Плечо не оттягивала привычно виолончель: между репетицией и концертом было всего три часа, и Рабигуль оставила ее в училище. И еще, робея, волнуясь, она отдала дирижеру все, что написалось в Пятигорске. Это был смелый, рискованный даже поступок! Старик, которого никто не звал по имени-отчеству - ни в глаза, ни за глаза, - а только "маэстро", не любил дилетантов ни в чем, и это было известно, в числе прочих, и Рабигуль. Грузный, большой, с широким крестьянским лицом, большими руками - ласточкой порхала в них легкая дирижерская палочка, - он держал всех в строгости, на приличном от себя расстоянии. И все-таки она решилась.
Подошла в перерыве, протянула тетрадь.
- А? Что? - Лохматые брови поднялись в удивлении, проницательные глаза воззрились на Рабигуль, ладонь-лопата взъерошила львиную седую гриву. Сонаты? Для виолончели со скрипкой?

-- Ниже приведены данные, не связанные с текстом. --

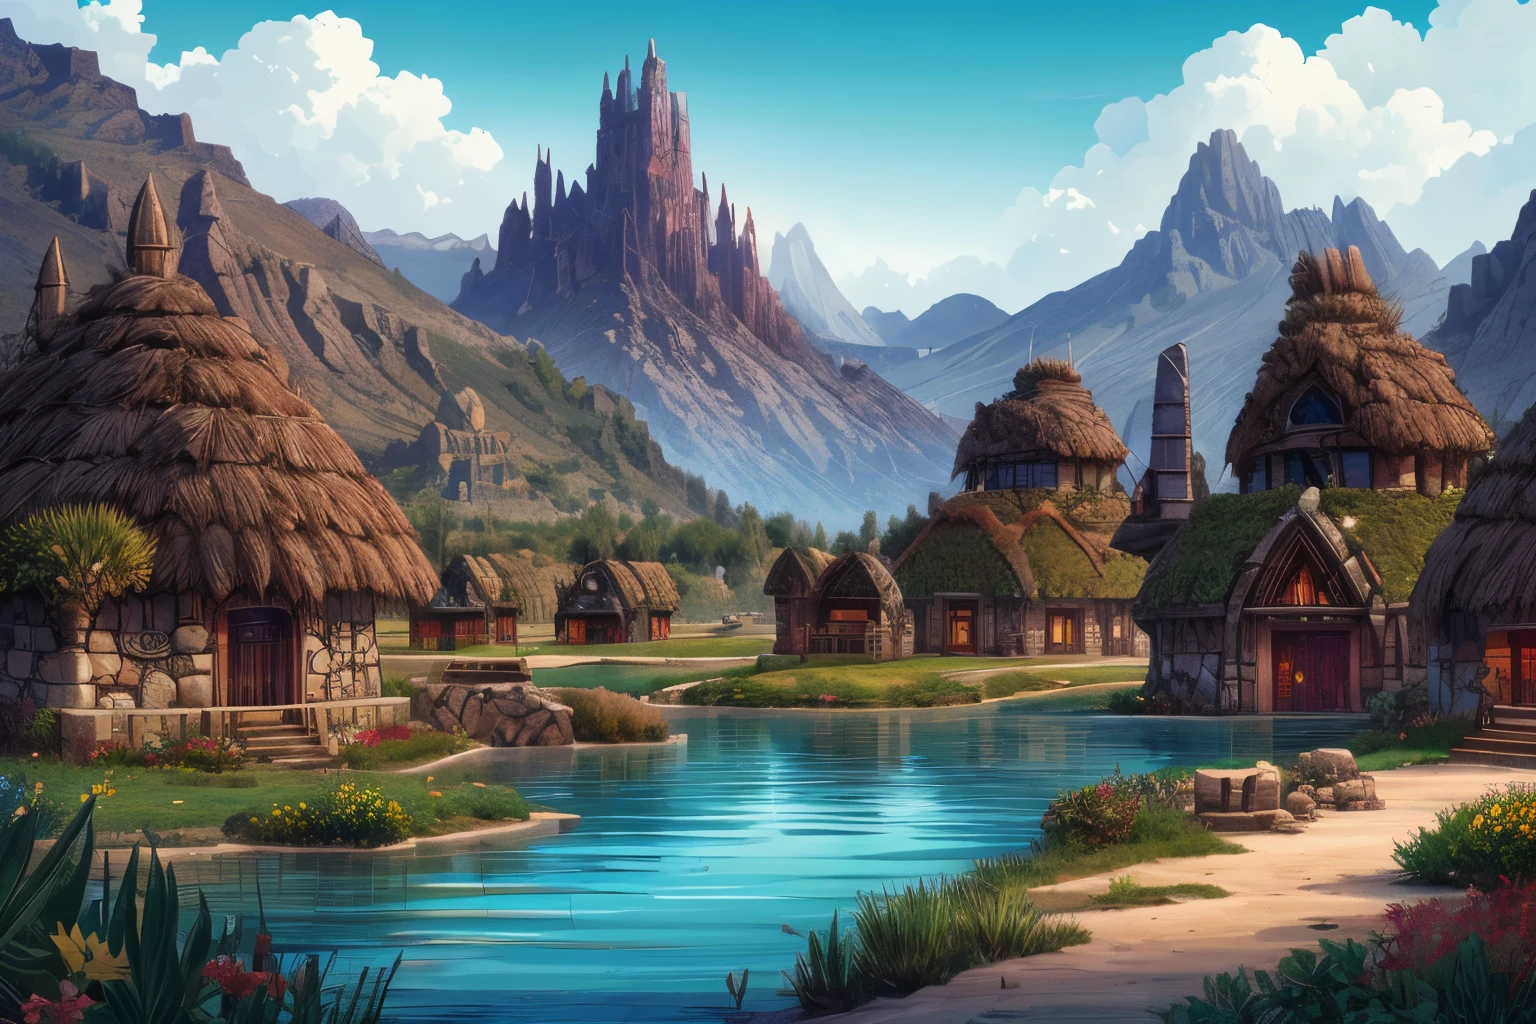 pueblo bárbaro nómadas, edificios de orcos bárbaros, fantasía de poder épica, oasis del lago floreciendo, paisaje desértico de montañas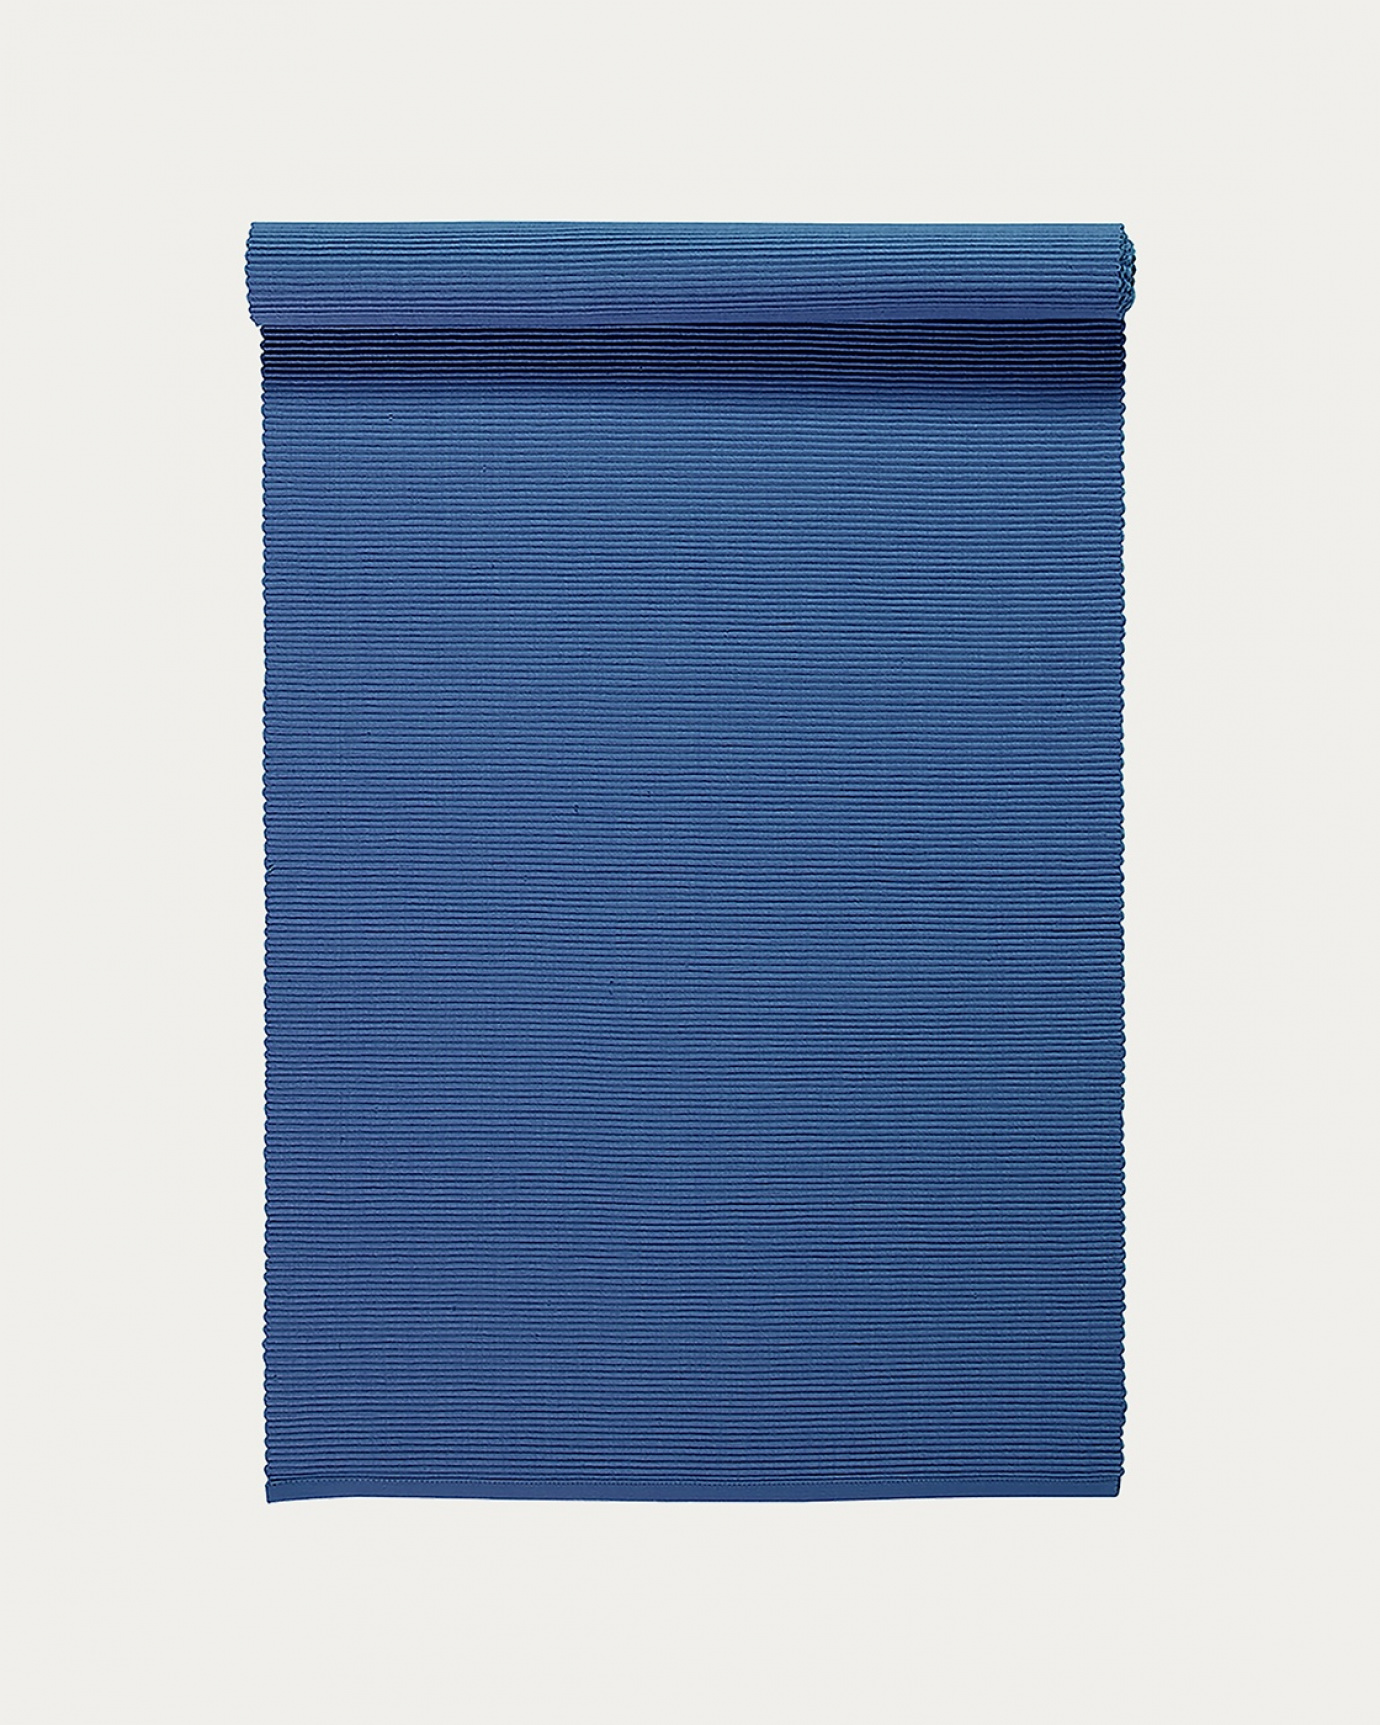 Immagine prodotto blu marino chiaro runner UNI in morbido cotone a costine di qualità di LINUM DESIGN. Dimensioni 45x150 cm.

А при чем тут тогда Эолова арфа?
Он рассматривал Рабигуль так, будто увидел впервые. "Эта девочка?.. А что, может быть, может быть...
Она и сама как струна - вдохновенна... Чужое исполнять ей мало, хотя виолончелистка прекрасная".
Надежда вспыхнула в старике, как всегда, когда он чуял талант.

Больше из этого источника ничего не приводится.